Several studies have evaluated the effect of erlotinib in NSCLC patients with BM. Deng et al. reported on six unselected NSCLC patients with BM treated with erlotinib and noted that four of the six harbored an EGFR mutation in the tumor; two PRs and two stable diseases (SD) were noted in EGFR mutant patients (32). Porta et al. retrospectively reviewed 69 NSCLC with BM patients treated with erlotinib (34). 17 patients had EGFR mutations, 82% of whom had an objective response rate (ORR) to erlotinib including eight complete responses (CRs) as well as a median time to progression of 11.7 months compared to 5.8 in EGFR wt patients and an overall survival of 12.9 months versus 3.1, respectively (34). Moreover, no patients without EGFR mutations had an objective response (34). A phase II study prospectively evaluated EGFR mutant NSCLC patients treated with erlotinib or gefitinib and noted that 83% achieved a PR and 11% SD without a statistically significant difference in progression-free survival (PFS) (6.6 months) or overall survival (OS) (15.9) between the two TKIs (35).
Dose escalation has also been examined as a potential strategy to increase CNS permeability and overcome resistance. In a small but compelling retrospective case series of nine EGFR mutant lung cancer patients with brain or leptomeningeal metastases that occurred despite conventional dosing of an EGFR inhibitor, patients were treated with high dose “pulsatile” erlotinib (1,500 mg weekly) and a CNS partial response rate of 67% (6 of 9 patients) was noted; however, median time to CNS progression was only 2.7 months (36). Following this, a phase 1 study in 34 patients with EGFR mutant lung cancer treated with escalating pulse doses of erlotinib found the maximum tolerated dose to be 1,200 mg given on days 1 and 2, with 50 mg given on days 3–7 weekly and it should be noted that 32% of patients had BM at study entry and none of these patients had progression of an untreated CNS metastasis or new CNS lesions while on study (37).

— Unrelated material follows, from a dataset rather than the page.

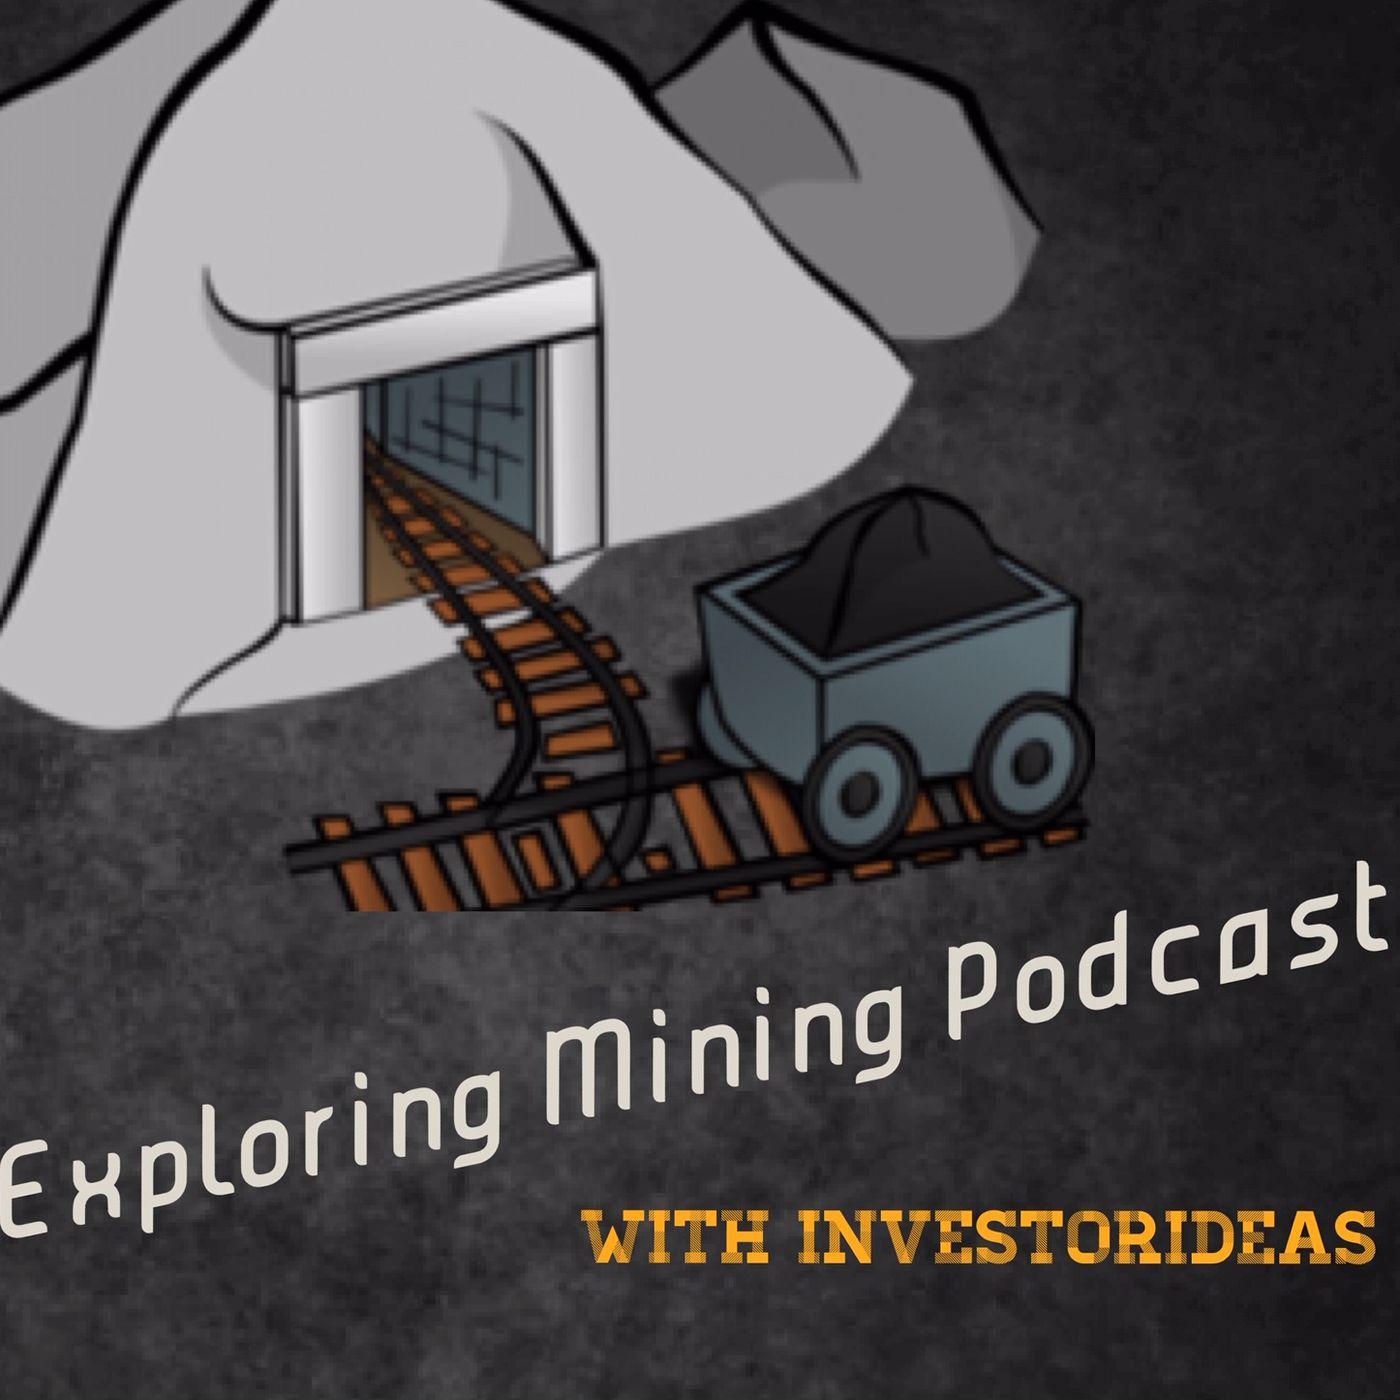 Exploring Mining Podcast Episode 129: News from (ASX: NCM) (TSXV: HIGH) (TSX: LN) (TSXV: ECC)

The role of erlotinib in leptomeningeal disease has also been examined. A retrospective review of 25 NSCLC (9 with exon 21 EGFR mutation and 8 with exon 19 deletion) patients with leptomeningeal (LM) carcinomatosis treated with either erlotinib or gefitinib demonstrated that those treated with erlotinib had a cytologic conversion rate of 64.3% compared to 9.1% with gefitinib (38), suggesting greater activity of erlotinib over gefitnib in the setting of LM disease. In another series of NSCLC patients with leptomeningeal metastasis who had failed gefitinib treatment, all 6 patients with an EGFR mutation-derived clinical benefit with 3 PRs and 3 with SD (39). 1 patient whose tumor did not harbor an EGFR mutation developed progressive disease as the best response.
Gefitinib
Gefitinib, another first-generation EGFR TKI, is a substrate for the P-glycoprotein efflux pumps and the drug has a brain penetration rate of only 1% (40, 41). There have been many retrospective reviews of NSCLC patients with BM treated with gefitinib. An old retrospective study of 14 NSCLC patients with BM observed 1 CR (6%) and 5 PRs (33%); this was done prior to the understanding of the role of EGFR mutation status on response to targeted therapies (42). Another report on 15 patients found an ORR of 60% (43). In 2009, a retrospective study of 23 Korean never-smoker patients with lung adenocarcinoma and brain metastasis without prior whole brain radiotherapy (WBRT) found that gefitinib or erlotinib without WBRT resulted in an intracranial response rate of 73.9%, noting that the prevalence of EGFR mutations in Korean non-smoker NSCLC population is high (44). Following this, Zhang et al. retrospectively reviewed 43 Chinese EGFR mutant NSCLC patients with BM treated with gefitinib or erlotinib until extracranial lesion progression; an intracranial lesion ORR of 57% and PFS of 9.3 months was observed, with no statistically significant difference in OS between gefitinib versus erlotinib (45).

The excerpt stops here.